Despite the success of the Fatman variants, profitability was too dependent on the roller coaster cycles of the agricultural industry worldwide. Subsequently, Gippsland Aeronautics' second new design, the GA8 Airvan, was conceived by directors/designers Furlong and Morgan as a utility transport to replace the Cessna 206/207 and DHC Beaver. Recognising the Cessna 206 as "one of the world’s best workhorses", the pair saw the potential niche market for a piston-engine aircraft that could carry more passengers. This would improve the operators’ profitability without going to the expense of purchasing a turbine powered aircraft.

Thus the high wing, eight seat GA8 Airvan was born using the design of the GA200C as a basis. Certification commenced in 1993 with the building of the first prototype/proof of concept aircraft.

After eight years in development, the GA8 Airvan was type-certificated by the Australian Civil Aviation Safety Authority to FAR 23 Amendment 48 requirements in December 2000 and subsequently updated to Amendment 54 status in early 2003. This was followed by certification by the United States Federal Aviation Administration and the Canadian Transport Canada in the same year. The European Aviation Safety Agency (EASA) certificated the Airvan in 2005.
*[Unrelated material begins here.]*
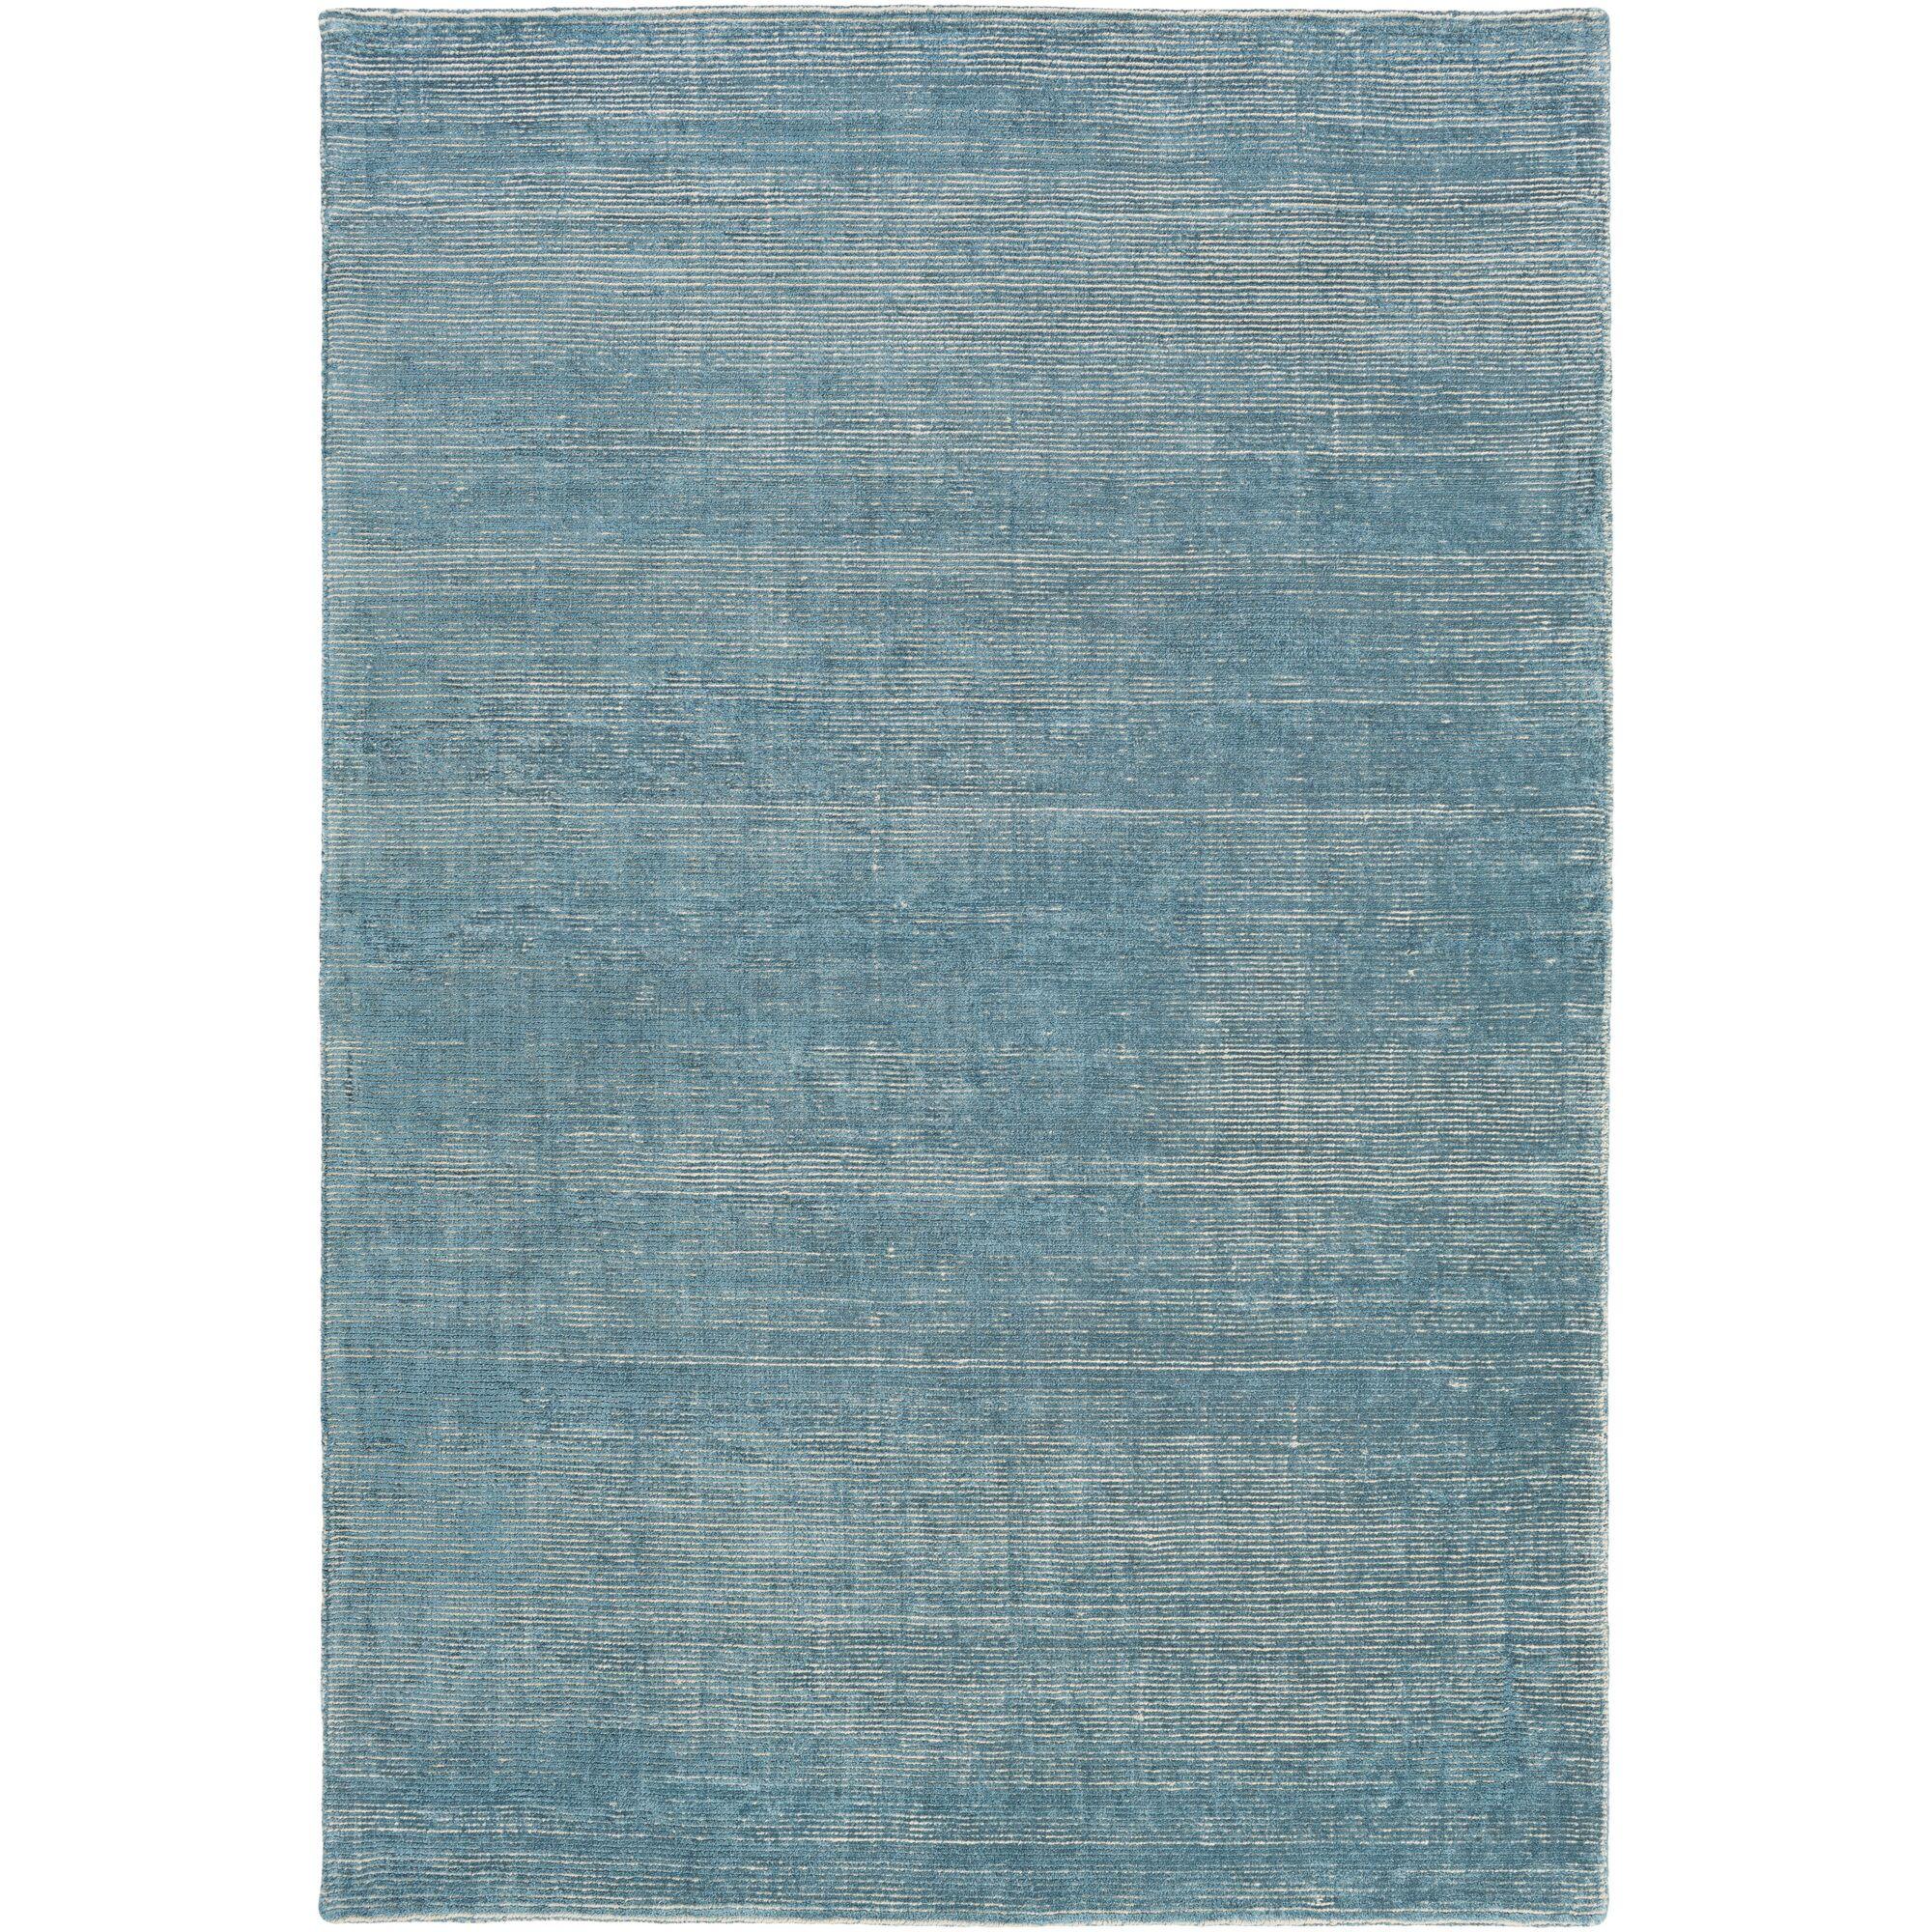 Codey Hand-Loomed Aqua/Khaki Area Rug Rug Size: Rectangle 6' x 9'

The GA8 Airvan has now achieved export sales in the UK, Holland, Germany, Indonesia, New Zealand, South Africa, Botswana, Mozambique, Lesotho, USA, Canada and Belize in Central America, in addition to in-country sales in Western Australia, Queensland, Victoria, South Australia and the Northern Territory.

In October 2006, Gippsland Aeronautics announced that "the turbocharged prototype aircraft has commenced flight testing. The chosen engine is the Lycoming TIO 540 AH1A engine, which is a turbocharged version of the currently installed normally aspirated engine."

===Future===
On 18 June 2008, Gippsland Aeronautics announced it had won bidding to take over the type certificate of the GAF Nomad, and would probably be restarting production. The twin-engined, 18-seat reborn Nomad will be called the GA18, and will be re-engineered with new engines, propellers, glass cockpit and weight-saving measures.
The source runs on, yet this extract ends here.